The present invention provides a circuit and method for reduce the variation in Vref of current-mode bandgap reference circuits as a function of ρ. In broad terms, this is accomplished by adding a substantially constant current to the bandgap-based current. In some embodiments the substantially constant current is advantageously obtained my mirroring a scaled reference current obtained from the Vref itself.
These and other aspects and features of the invention will be apparent to those skilled in the art from the following detailed description of the invention, taken together with the accompanying drawings.
The making and use of the various embodiments are discussed below in detail. However, it should be appreciated that the present invention provides many applicable inventive concepts which can be embodied in a wide variety of specific contexts. The specific embodiments discussed are merely illustrative of specific ways to make and use the invention, and do not limit the scope of the invention.
As mentioned above, in accordance with the principles of the present invention, the variation of Vref in current-mode bandgap reference circuits as a function of ρ is reduced by adding a constant current to the bandgap-based current. Before describing a preferred embodiment of the invention, the principles of the invention will now be described.
When a constant current, Icorrection, is added to the bandgap current Ibandgap, Vref becomes:
Vref=(Ibandgap+Icorrection)*Ro, or Eq. (9)
Vref=Ibandgap*Ro+Icorrection*Ro. Eq. (10)
The first term in Equation (10) is the uncorrected Vref. By inspecting Equation (7), one can see that in a range that is a relatively small portion of the logarithmic factor the dependency of the uncorrected Vref on resistivity ρ can be thought of graphically as a line with negative slope on a graph of Vref versus ρ. This straight line can be expressed as:
Vref=Vref0−mvr*ρ+Icorrection*Ko*ρ, Eq. (11)

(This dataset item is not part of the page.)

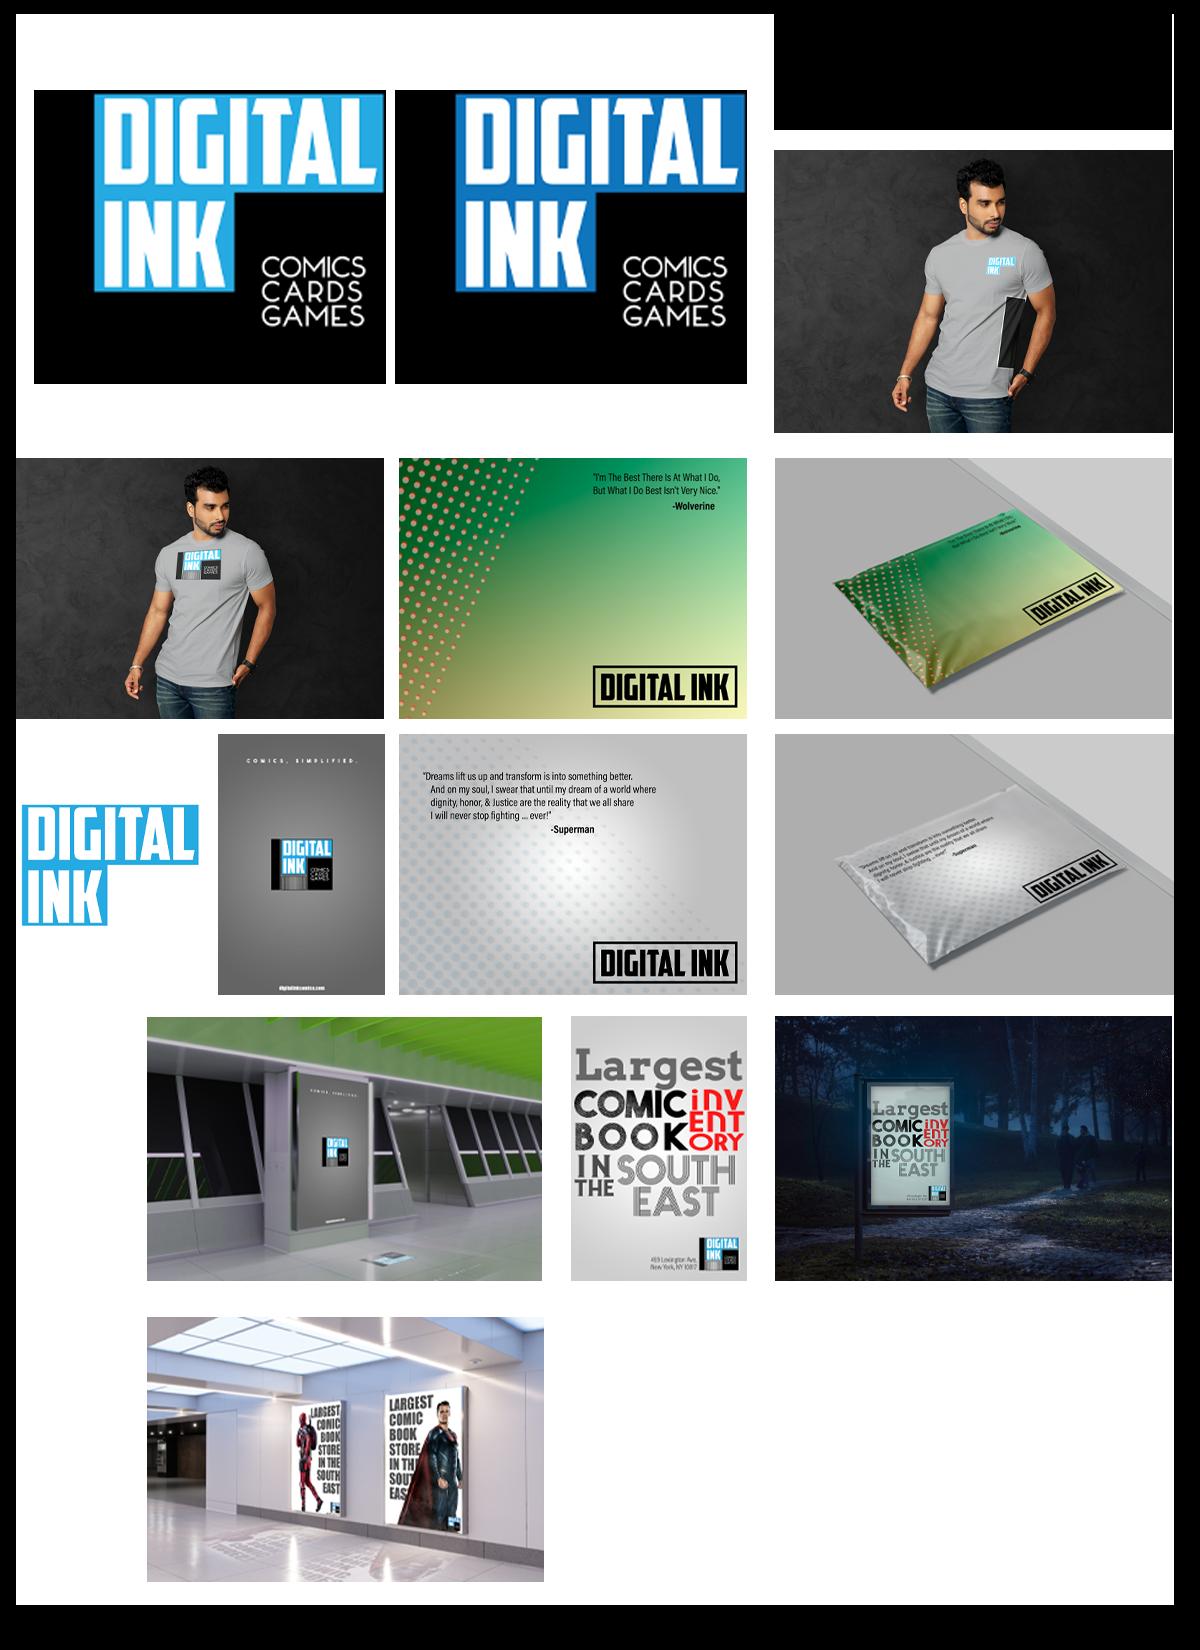 digital ink portfolio graphic.png

where Vref0 is the value of the reference voltage at the ρ axis intercept and mvr is the absolute value of the slope of the line. If
Icorrection=mvr/Ko, Eq. (12)
Vref=Vref0 Eq. (13)
for all values of ρ. Since the uncorrected Vref function of ρ is actually a portion of a ln(1/ρ) curve instead of a line, it has a very slight upward curvature. If mvr is the absolute value of the average of the slope of this function over the target range of ρ values, the corrected Vref versus ρ function will have an average slope of zero over that same range of ρ values. It will still show the slight upward curvature of the log function, but will be parabolic in appearance with a minimum near the middle of the corrected range.

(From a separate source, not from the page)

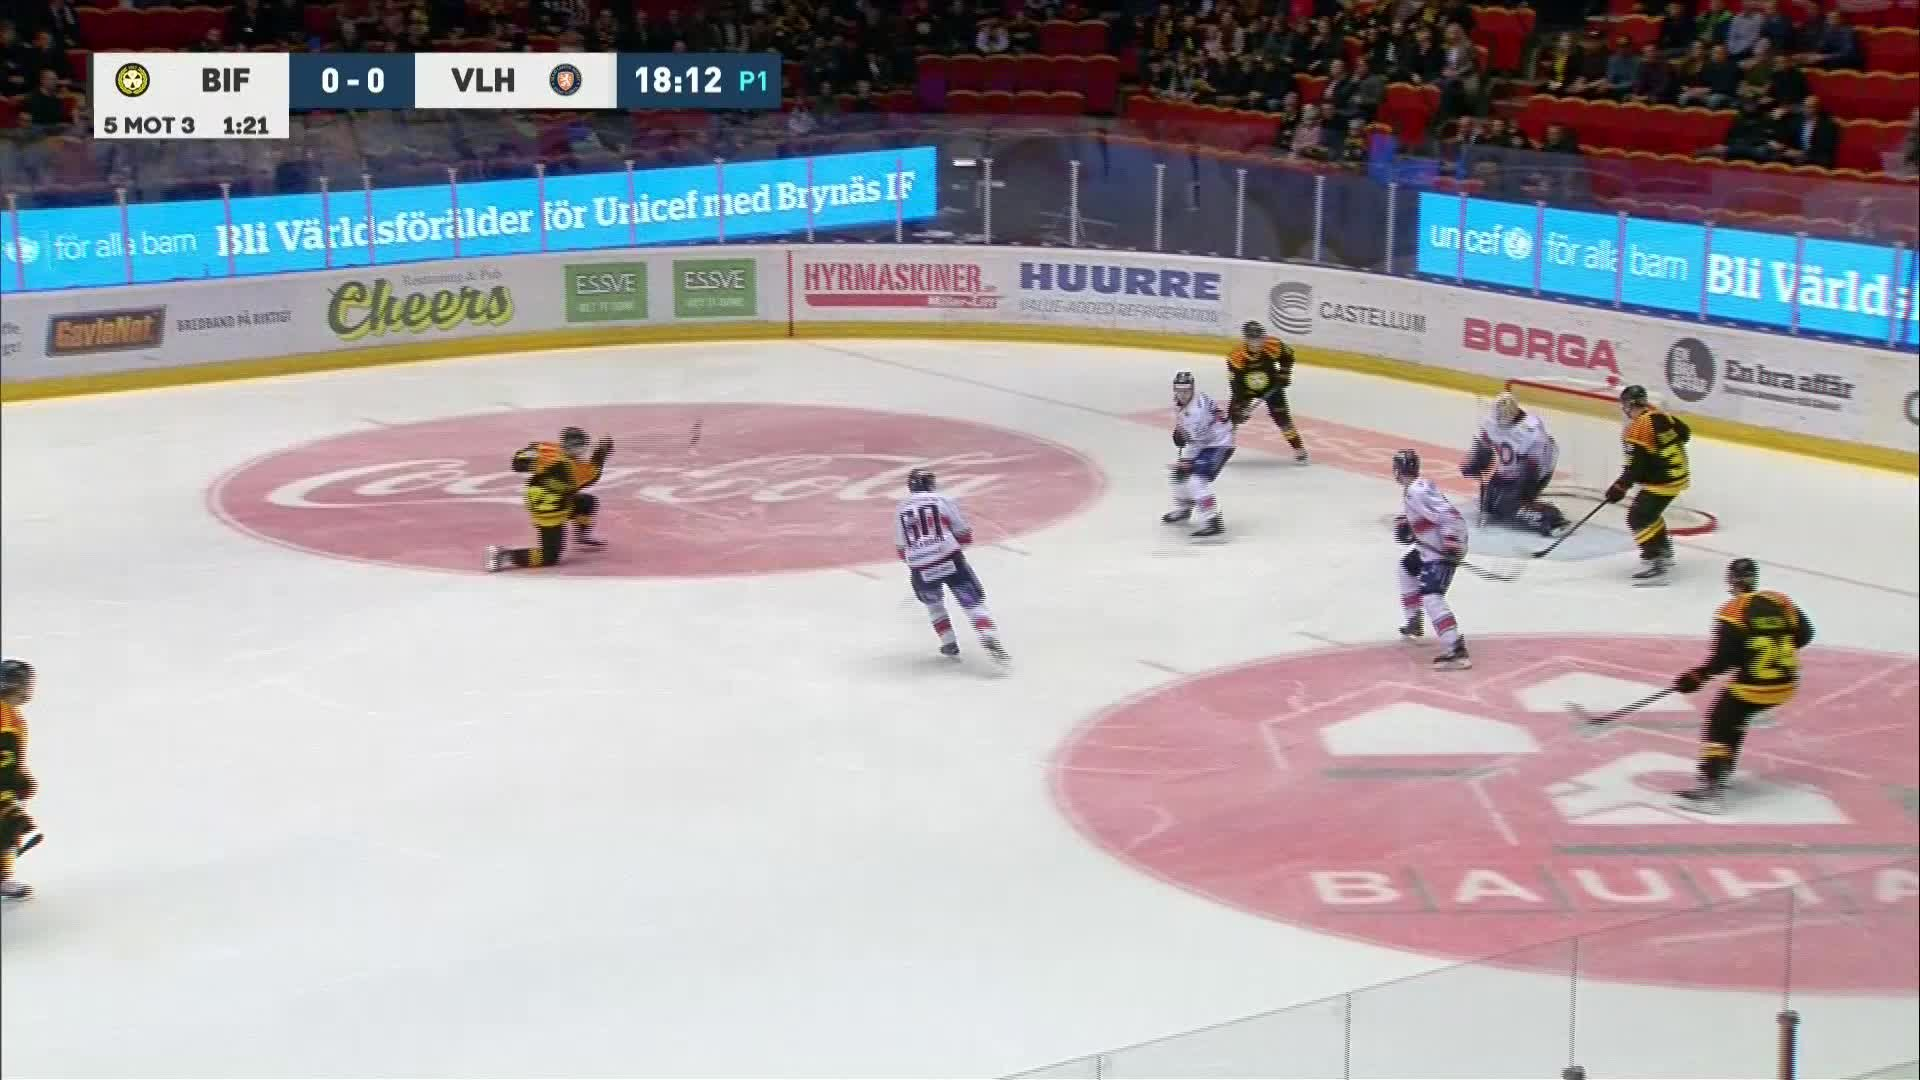 Brynäs IF - Växjö Lakers 1-0

In many applications, a nearly process-insensitive current is derived from a bandgap-based reference voltage by applying that voltage across a precision resistor that is external to the IC. This is often done in order to reduce the variation of bias currents in on-chip amplifiers and also to reduce variation in power consumption. A current derived in this way can also be used as a substantially constant Icorrection even though doing so introduces a small amount of positive feedback in the dependence of Vref on ρ. An embodiment of the present invention implementing this approach is shown in
The positive feedback referred to in the previous paragraph has a gain that is much less than one because the variation of Vref being corrected is much less than one, so instability, or, in this context, unpredictability, does not result. The effect of this small positive feedback is to increase the amount of upward curvature in the variation of Vref as a function of ρ. This can be seen by modifying Equation (11) to express Icorrection as being generated by such an external resistor, Rext, having Vref applied to it:
Vref=Vref0−mvr*ρ+(Vref/Rext)*K8*Ko*ρ. Eq. (14)
Vref*(1−K8*Ko*ρ/Rext)=Vref0−mvr*ρ, and Eq. (15)

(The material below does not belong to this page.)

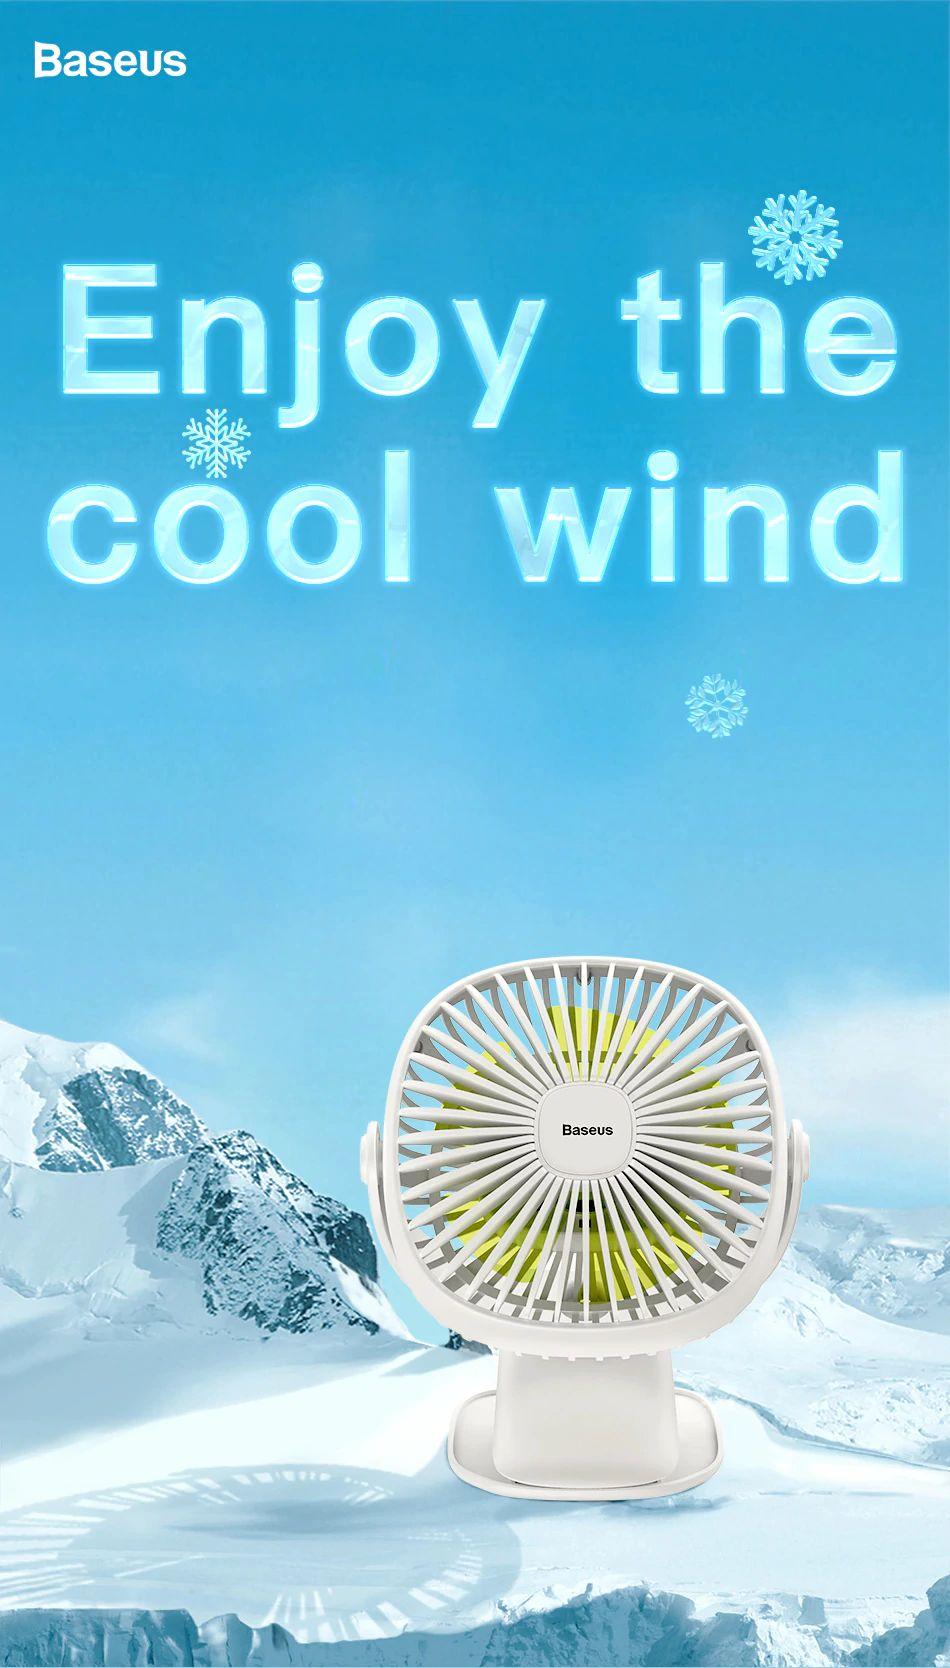 Baseus 2000mah Rechargeable Cooling Fan (7)

Vref=(Vref0−mvr*ρ)/(1−K8*Ko*ρ/Rext), Eq. (16)
where K8 is a factor representing the proportion of Vref/Rext that is used for the correction. The correction in Equation (11) consists of adding a straight line having a positive slope to the uncorrected Vref function of ρ. The correction in Equation (16), however, consists of multiplying by the function 1/(1−(K8*Ko/Rext)*ρ). Since this correction factor has a positive slope for practical positive values of its coefficients, the negative slope of the uncorrected Vref function is still compensated, but the correction factor itself as a function of ρ has a slight upward curvature, which adds to the upward curvature of the log function of the uncorrected Vref function. The resulting upward curvature is still slight for practical values. The coefficients of Equation (16) can be chosen so that the variation of Vref over some expected range of variation in ρ is minimized. Since Ko is likely determined by the reference voltage that is needed by other circuits, the coefficient of interest is K8. The variation of Vref over a range of values of ρ will be minimized if the values of Vref at minimum (ρmin) and maximum (ρmax) values of rho are set to be equal:
(Vref0−mvr*ρmin)/(1−K8*Ko*ρmin/Rext)=(Vref0−mvr*ρmax)/(1−K8*Ko*ρmax/Rext) Eq. (17)
Solving Equation (17) for K8 will result in a value that will minimize the variation of Vref over the range of ρ between ρmin and ρmax. The resulting curve will resemble a parabola as before.
As an alternative example, it may be desirable to set the slope of the Vref function to be zero at some specific value such as its nominal value in order to minimize the sensitivity of Vref to ρ when ρ is approximately equal to that value. Setting the derivative of Vref with respect to ρ to be zero with ρ set to its nominal value and solving for K8 will result in the value of K8 that will achieve this result.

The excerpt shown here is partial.